++++ Study material ++++

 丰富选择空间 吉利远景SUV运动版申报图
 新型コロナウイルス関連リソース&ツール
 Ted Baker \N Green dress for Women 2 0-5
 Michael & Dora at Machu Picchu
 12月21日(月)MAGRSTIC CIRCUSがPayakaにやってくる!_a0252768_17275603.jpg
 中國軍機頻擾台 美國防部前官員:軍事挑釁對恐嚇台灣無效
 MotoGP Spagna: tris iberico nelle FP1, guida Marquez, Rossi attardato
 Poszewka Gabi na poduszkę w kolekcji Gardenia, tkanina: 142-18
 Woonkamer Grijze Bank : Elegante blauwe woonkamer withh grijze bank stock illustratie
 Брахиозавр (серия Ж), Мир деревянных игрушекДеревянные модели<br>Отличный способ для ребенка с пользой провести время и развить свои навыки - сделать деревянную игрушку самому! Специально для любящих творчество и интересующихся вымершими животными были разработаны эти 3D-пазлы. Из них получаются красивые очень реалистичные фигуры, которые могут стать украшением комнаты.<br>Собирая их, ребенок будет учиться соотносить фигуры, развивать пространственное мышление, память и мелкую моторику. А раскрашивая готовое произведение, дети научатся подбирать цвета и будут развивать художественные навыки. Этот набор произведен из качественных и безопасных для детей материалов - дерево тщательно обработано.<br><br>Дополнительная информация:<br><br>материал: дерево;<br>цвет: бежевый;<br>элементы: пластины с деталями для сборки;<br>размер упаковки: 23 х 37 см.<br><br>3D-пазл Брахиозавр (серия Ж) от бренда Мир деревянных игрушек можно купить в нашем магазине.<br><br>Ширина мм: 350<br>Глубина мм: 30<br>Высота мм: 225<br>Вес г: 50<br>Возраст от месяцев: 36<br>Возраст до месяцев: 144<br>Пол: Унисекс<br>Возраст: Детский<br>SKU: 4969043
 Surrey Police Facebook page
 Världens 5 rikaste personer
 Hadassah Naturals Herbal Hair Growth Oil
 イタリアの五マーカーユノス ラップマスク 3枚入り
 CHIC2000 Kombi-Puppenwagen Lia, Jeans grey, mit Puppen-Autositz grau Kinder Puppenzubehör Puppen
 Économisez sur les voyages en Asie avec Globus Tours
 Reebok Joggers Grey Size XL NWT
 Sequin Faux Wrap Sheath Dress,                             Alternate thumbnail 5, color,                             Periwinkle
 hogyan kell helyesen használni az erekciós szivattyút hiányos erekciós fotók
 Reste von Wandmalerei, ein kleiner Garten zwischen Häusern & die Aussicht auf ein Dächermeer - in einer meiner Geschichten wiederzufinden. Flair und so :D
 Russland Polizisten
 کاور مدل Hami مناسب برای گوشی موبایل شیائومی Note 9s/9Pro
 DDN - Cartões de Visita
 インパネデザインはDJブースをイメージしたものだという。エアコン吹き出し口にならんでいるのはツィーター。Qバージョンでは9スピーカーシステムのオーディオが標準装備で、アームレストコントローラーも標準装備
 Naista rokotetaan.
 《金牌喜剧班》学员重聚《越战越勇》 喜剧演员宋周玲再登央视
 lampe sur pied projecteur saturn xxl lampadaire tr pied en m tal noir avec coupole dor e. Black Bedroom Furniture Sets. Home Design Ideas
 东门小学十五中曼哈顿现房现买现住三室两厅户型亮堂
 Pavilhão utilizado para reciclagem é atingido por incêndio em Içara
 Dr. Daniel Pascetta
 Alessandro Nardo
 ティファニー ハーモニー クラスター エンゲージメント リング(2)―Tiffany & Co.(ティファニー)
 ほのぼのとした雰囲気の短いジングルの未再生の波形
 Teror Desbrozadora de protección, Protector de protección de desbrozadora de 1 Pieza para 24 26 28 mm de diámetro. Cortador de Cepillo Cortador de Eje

++++

Lines containing the word "para" are to be tallied across the entries above; give only the resulting count.

[Response to the exercise]
2